Eventually, he was handed over to Ukrainian authorities in a prisoner swap. But he said that while in detention he witnessed Russian interrogators cutting off prisoners’ fingers, severely beating them and torturing two of them to death. He was hospitalized at one point, but only after his arm became infected.
The Ukrainian POWs also were used for propaganda videos, the soldier said in his interview.
“The way we were treated was checked by their own prosecutor, allegedly in charge of human rights. Before he came, we were told how we should behave, what to say,” he said, according to the rights group’s account.
“When he came, he asked: ‘Are you okay with everything?’ ‘Are you well cared for?’ ‘Do they provide proper medical care?’ And we always had to say: ‘Yes, exactly.’ If anyone tried to say something else, they would hit him with a stun gun later.”
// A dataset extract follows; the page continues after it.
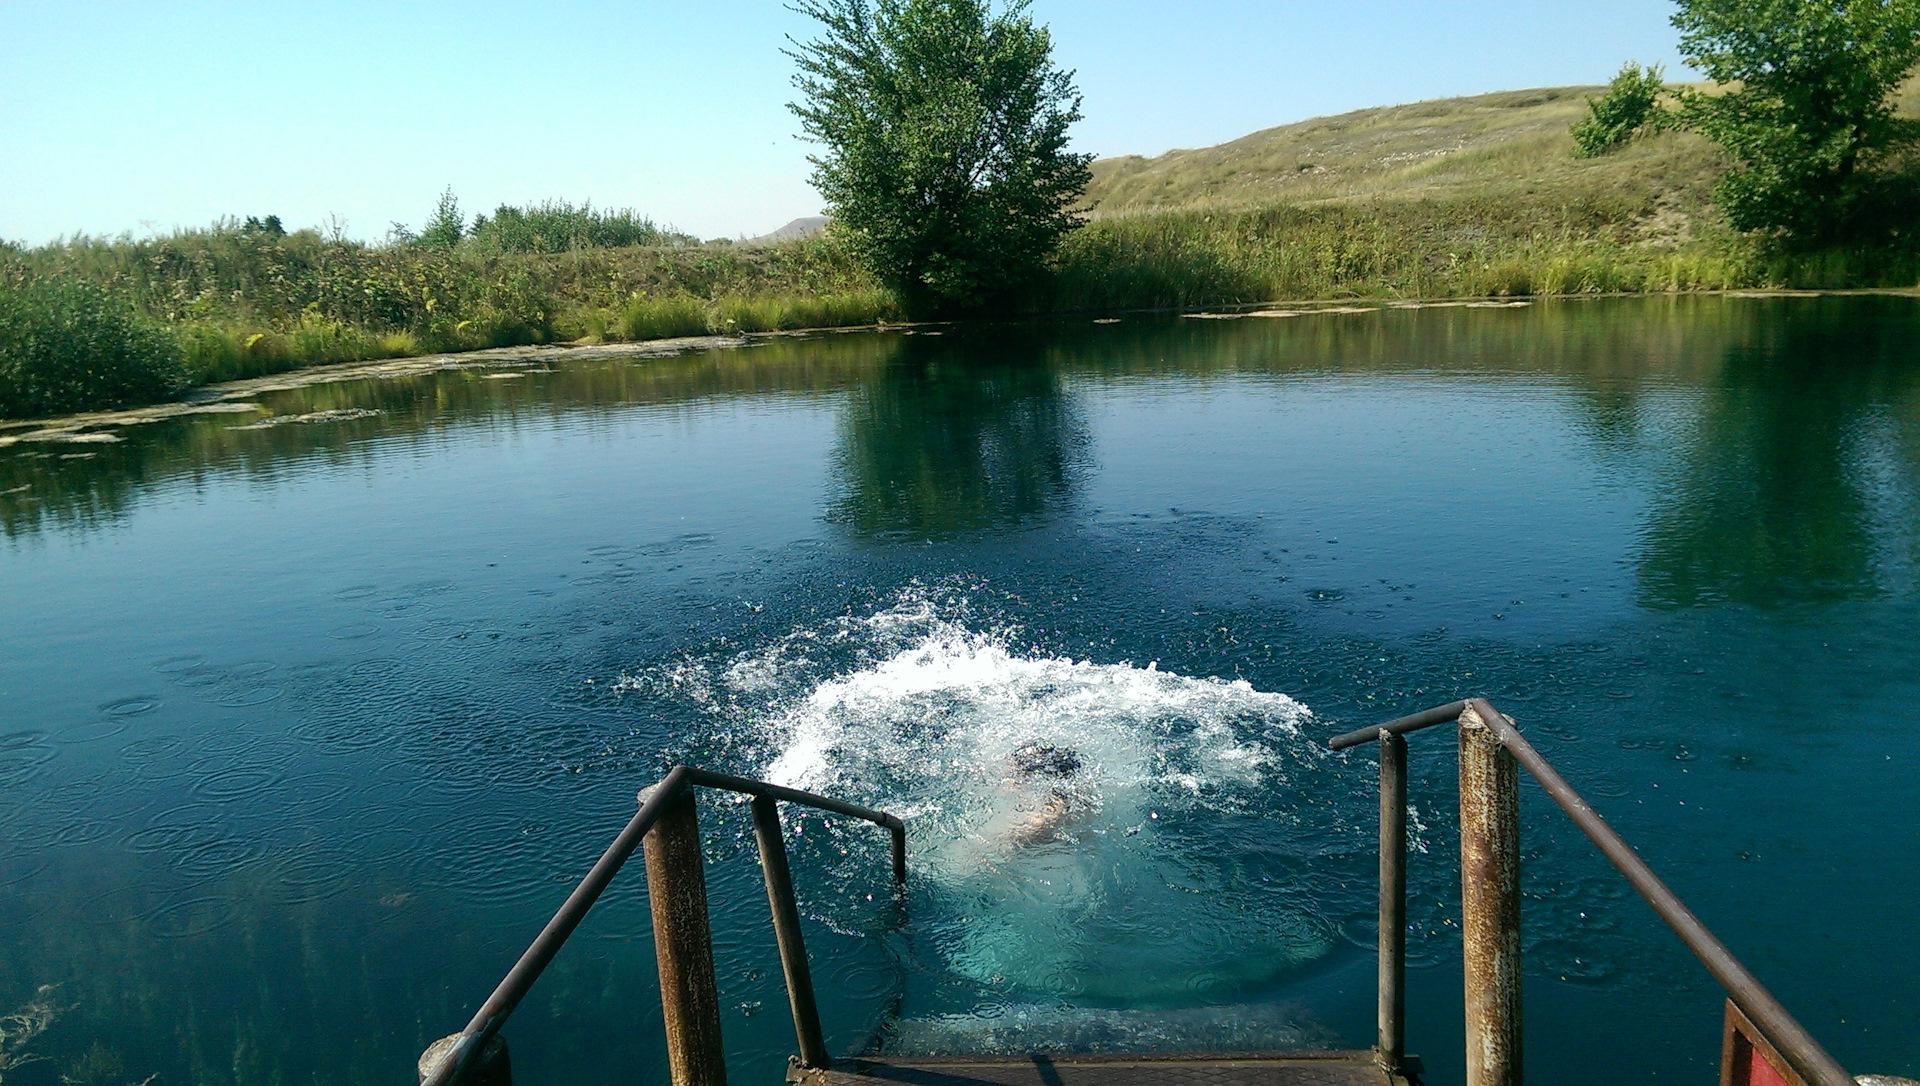 голубое озеро энгельс фото пьер

Similar videos are regularly broadcast on Russian state media and shared on Telegram. They show Ukrainian POWs confessing and accusing their fellow servicemen and commanders of war crimes, denouncing the Ukrainian government and praising Russia for humane treatment.
Article III of the Geneva Conventions states that POWs “shall in all conditions be treated humanely without any adverse distinction,” and that “the wounded and sick shall be collected and cared for.” Violence is prohibited, “in particular, murder of all kinds, mutilation, cruel treatment and torture,” and “outrages upon personal dignity, humiliating and degrading treatment.”
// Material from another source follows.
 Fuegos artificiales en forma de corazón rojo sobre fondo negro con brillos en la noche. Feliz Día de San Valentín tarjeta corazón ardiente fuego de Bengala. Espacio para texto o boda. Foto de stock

On May 27, Vrai Ou Fake, a team at the Franceinfo.fr news agency, published an investigation into a mocking social media video of dead men wearing Ukrainian uniforms and a member of a separatist military unit operating under Russian command who the Franceinfo.fr team determined, based on a voice-matching analysis, had recorded the video.
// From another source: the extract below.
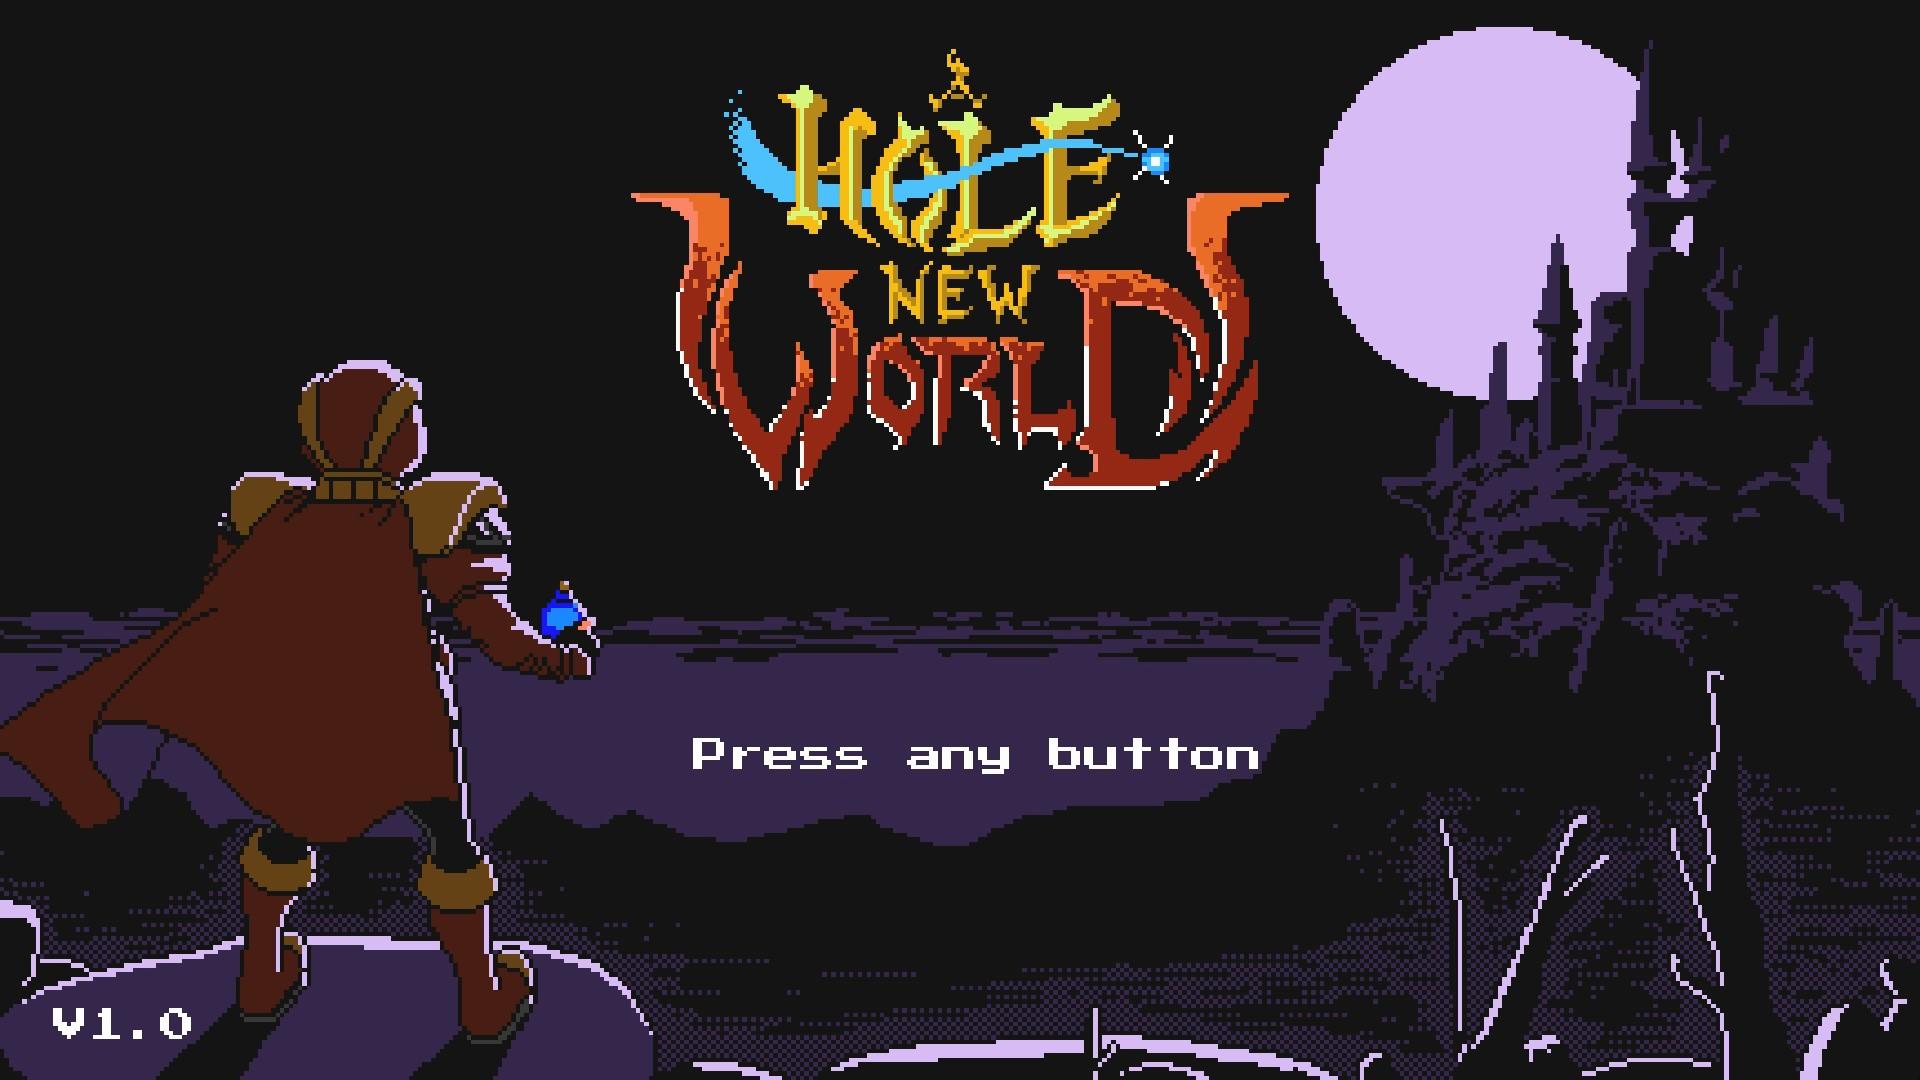 全新的世界 游戏截图

A U.K.-based investigative journalist, Robert Schultz, assisted in the Franceinfo.fr investigation.
Schultz told Polygraph.info that he spent about two months verifying and geolocating events in the video to identify the soldier who recorded it and where in Russian separatist-controlled territory it was recorded. In the Franceinfo.fr report, a forensic expert asked to review the video said the positions of dead soldiers’ bodies and other details might be evidence of war crimes. The Franceinfo.fr report said some evidence pointed to possible sexual abuse.
Schultz said his investigation continues and that Russians have posted other potential evidence of war crimes on social media.
During a news conference on May 30, the families of Ukrainian POWs captured from the Azovstal steel plant in Mariupol demanded that Russia treat their loved ones in accordance with the Geneva Conventions. The Russian Defense Ministry said more than 1,700 Ukrainian defenders were captured at Azovstal.
“We haven’t received any information from them since they have been registered as POWs by the Red Cross and don’t know whether they are alive or dead,” the two women who spoke on behalf of the families said.
Since Russia launched its full-scale invasion of Ukraine on February 24, the United Nations and other international institutions and leaders have accused Russian forces of thousands of war crimes, in part from indiscriminate bombardments of residential areas and mass civilian casualties.
Nebenzya’s claim that Russia is treating POWs humanely came in response to the U.N. representatives of the United States, Estonia, and Ukraine, who criticized Russia, respectively, for reported mass graves, war crimes, executions and torture; for indifference to civilian casualties; and for “Nazi-style” warfare.
According to the United Nations’ database of verified casualties, more than 4,900 civilians have been killed during the three months of war. Ukrainian authorities cite far higher numbers.